Décoloniser le genre, la sexualité et la santé mentale

De quelles façons les traumatismes infligés à mon peuple par les pensionnats autochtones et la rafle des années 1960 ont-ils influencé notre perception du genre et de la sexualité? Comment la religion a-t-elle changé la manière dont nous percevons les relations humaines? Comment la perte de notre langue maternelle a-t-elle marqué la manière dont nous parlons de genre et de sexe? Ce sont des questions que je me pose lorsque je réfléchis aux raisons pour lesquelles les Autochtones ont des taux disproportionnellement élevés d’infections transmissibles sexuellement, incluant le VIH/sida. Les communautés autochtones peuvent également être très transphobes et homophobes en raison des effets du colonialisme et de l’omniprésence de l’homophobie et de la transphobie ailleurs dans la société.

Mais le problème le plus fondamental qui nous touche est la stigmatisation et la manière dont cela affecte la santé mentale des peuples autochtones à travers le Canada.

Je suis membre de la Première Nation crie Saulteaux et je m’identifie comme étant une personne queer, transgenre et bispirituelle. J’ai grandi dans une communauté urbanisée et j’ai passé une grande partie de ma vie dans le mouvement des centres d’amitié, entourée d’autres Autochtones. Je considère avoir eu beaucoup de chance de grandir en tant que trans et queer dans une communauté urbaine où, contrairement à mes ami(e)s autochtones bispirituel(le)s de la communauté LGBTQ+ vivant dans le Nord, j’ai pu avoir accès à de nombreuses ressources et à l’espace nécessaire pour explorer mon identité.

J’ai eu accès à l’information et aux connaissances qui m’ont permis d’élargir mes propres connaissances sur la sexualité et le genre. J’ai eu accès à des lieux qui m’ont permis d’affirmer mon identité et je sais où je peux rencontrer d’autres membres de la communauté LGBTQ+. Je peux choisir avec quelles communautés je souhaite passer du temps. Je sais comment avoir accès à un traitement hormonal et je sais que les coûts de ma transition peuvent être couverts par mon statut d’Indien. J’ai été capable d’en apprendre plus et de promouvoir la sexualité et le genre sans avoir peur du regard des autres. Parce que j’ai eu accès à des ressources, je n’ai pas peur d’être qui je suis. Parce que je suis à l’aise avec mon identité, je suis à l’aise avec mon corps et avec le fait d’explorer et d’apprendre comment parler de la santé sexuelle. Il a également été plus facile pour moi de déstigmatiser mes propres points de vue touchant la sexualité et le genre, au point où j’ai décidé de poursuivre une carrière en santé sexuelle. Ce choix m’a permis d’apprendre à naviguer à travers le système de santé avec aisance. Je sais où me rendre pour passer un examen de routine en santé sexuelle et je saurai quoi faire si je contracte une ITS. Je connais les méthodes contraceptives qui me sont accessibles en raison de mon statut d’Indien et je sais comment obtenir la pilule contraceptive d’urgence Plan B à un moindre coût. Je sais où obtenir des services d’aide en cas d’agression sexuelle et je sais où me faire avorter si jamais j’en ai besoin. J’ai développé les connaissances de base en santé sexuelle grâce à l’enseignement prodigué à l’école publique. Je crois que ce sont des choses que beaucoup d’entre nous tiennent pour acquises.

Au cours de la dernière année et demie, j’ai travaillé auprès de plusieurs communautés autochtones pour élargir leur compréhension de la santé sexuelle, du genre et de la sexualité.
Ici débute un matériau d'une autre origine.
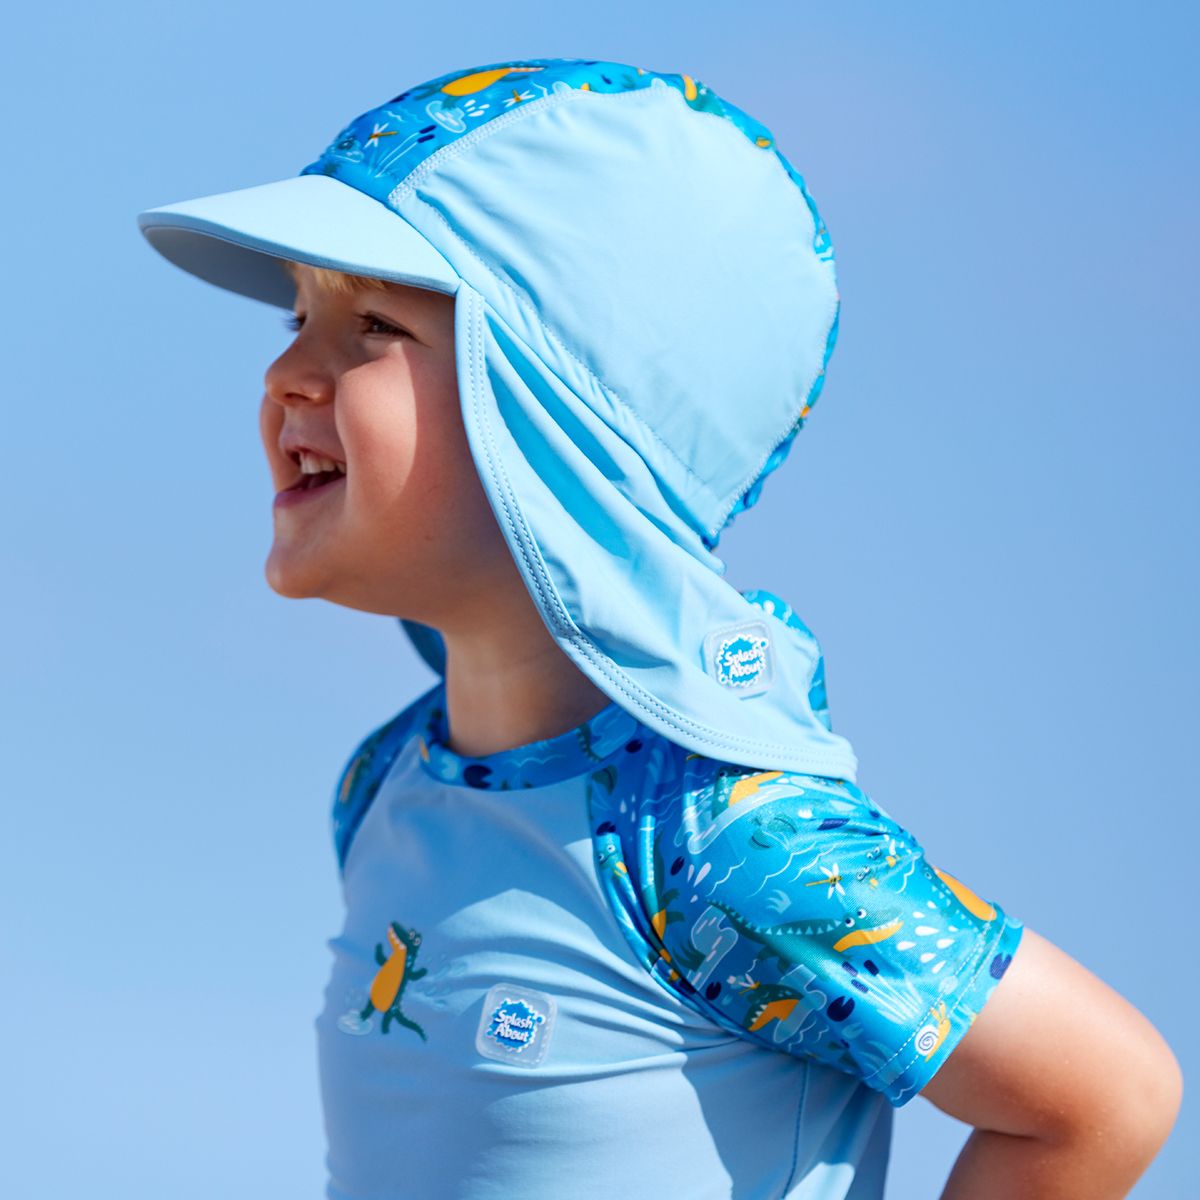 Lifestyle image of toddler wearing a legionnaire style sun hat in the beach. The hat is light blue and blue, with swamp themed print panel including crocodiles, frogs, fireflies and more. He's also wearing matching rash top.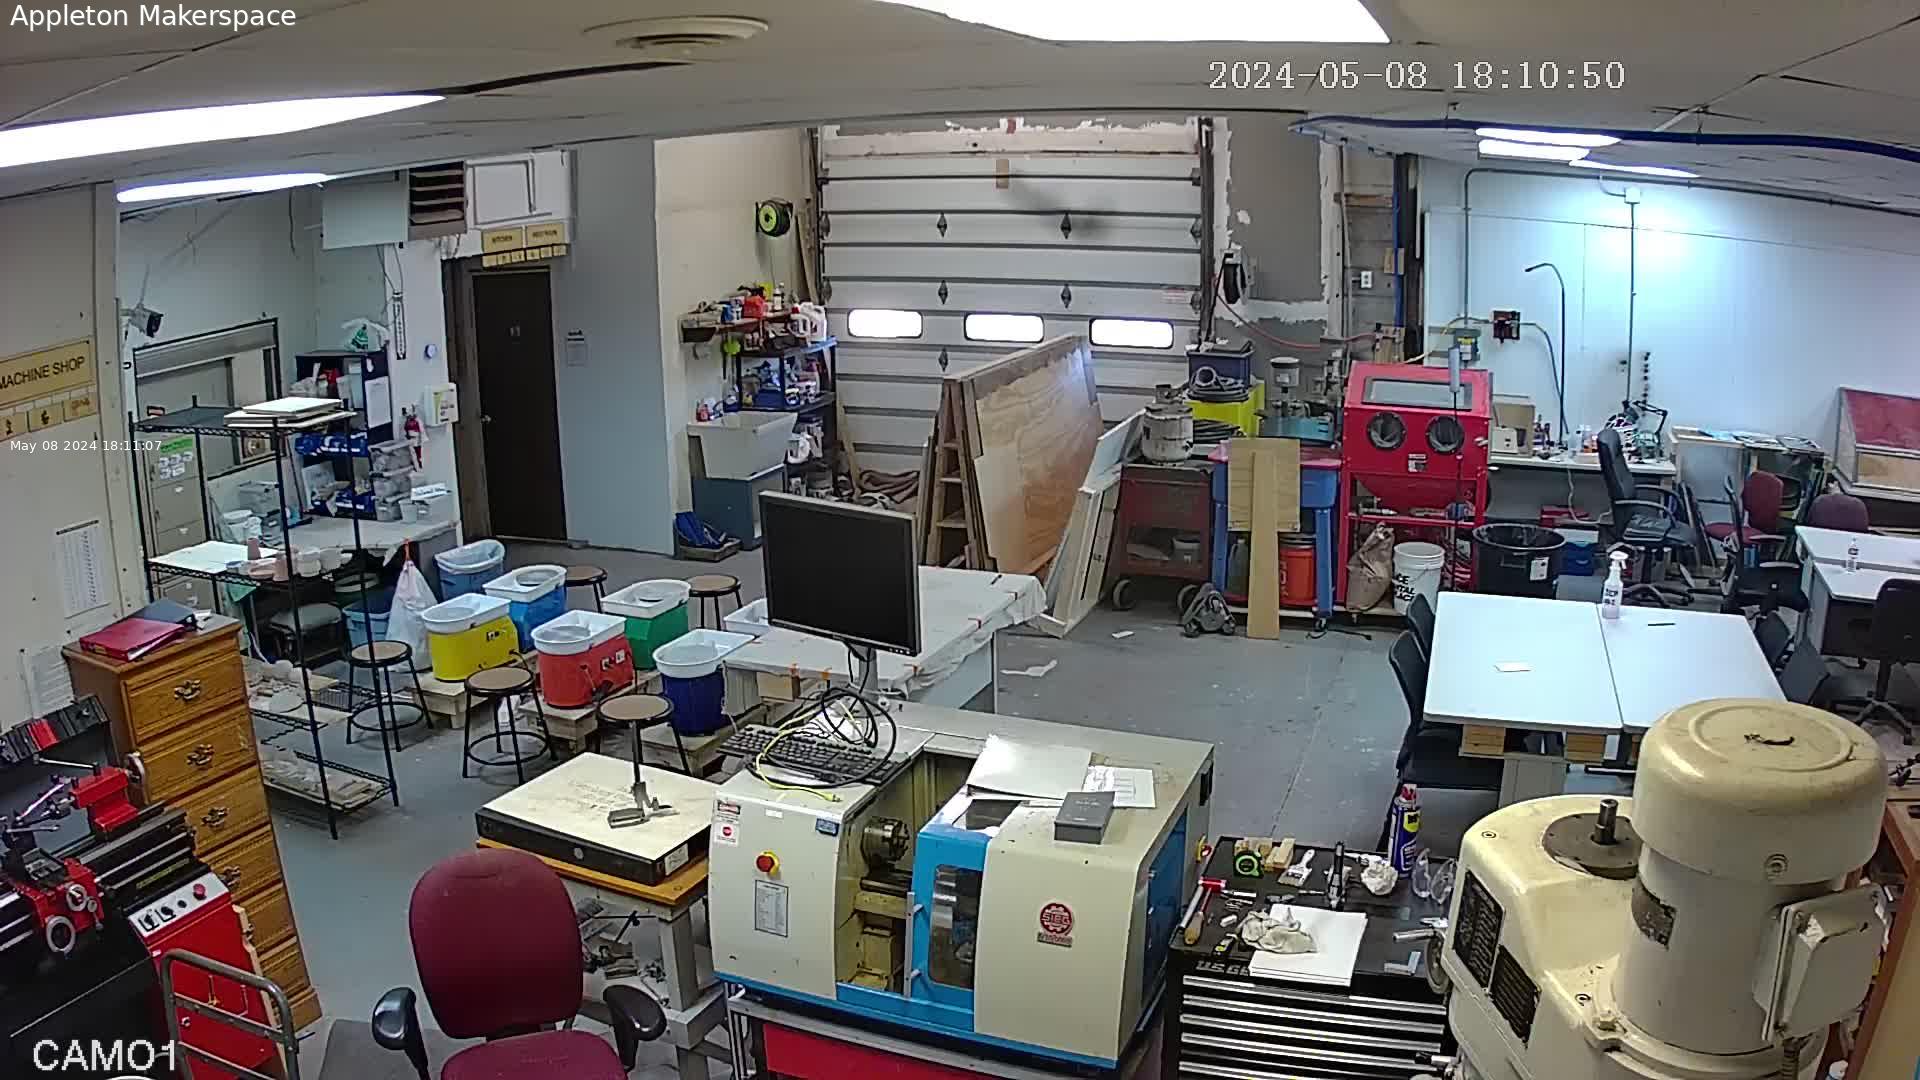 Photo of the Appleton Makerspace

J’ai également travaillé avec plusieurs jeunes leaders autochtones qui effectuent le même travail. Raconter des histoires dans des cercles de partage, lors desquels les participant(e)s sont assis(e)s en cercle et partagent leurs récits sans interruption, est une méthode autochtone de transmission du savoir qui est devenue fondamentale à mon travail. Il est important pour moi de consacrer du temps à écouter les diverses expériences vécues par les Autochtones en matière de santé sexuelle, de sexualité et de genre. C’est à travers ce procédé que j’ai appris plus concrètement comment l’histoire violente du colonialisme a marqué beaucoup d’Autochtones à travers le Canada et que de nombreux Autochtones ont toujours des préjugés sur la santé sexuelle, la sexualité et le genre. J’ai rencontré plusieurs Autochtones qui m’ont raconté leurs expériences et m’ont donné l’autorisation de partager quelques éléments de leurs récits avec d’autres personnes dans le but d’entamer un dialogue.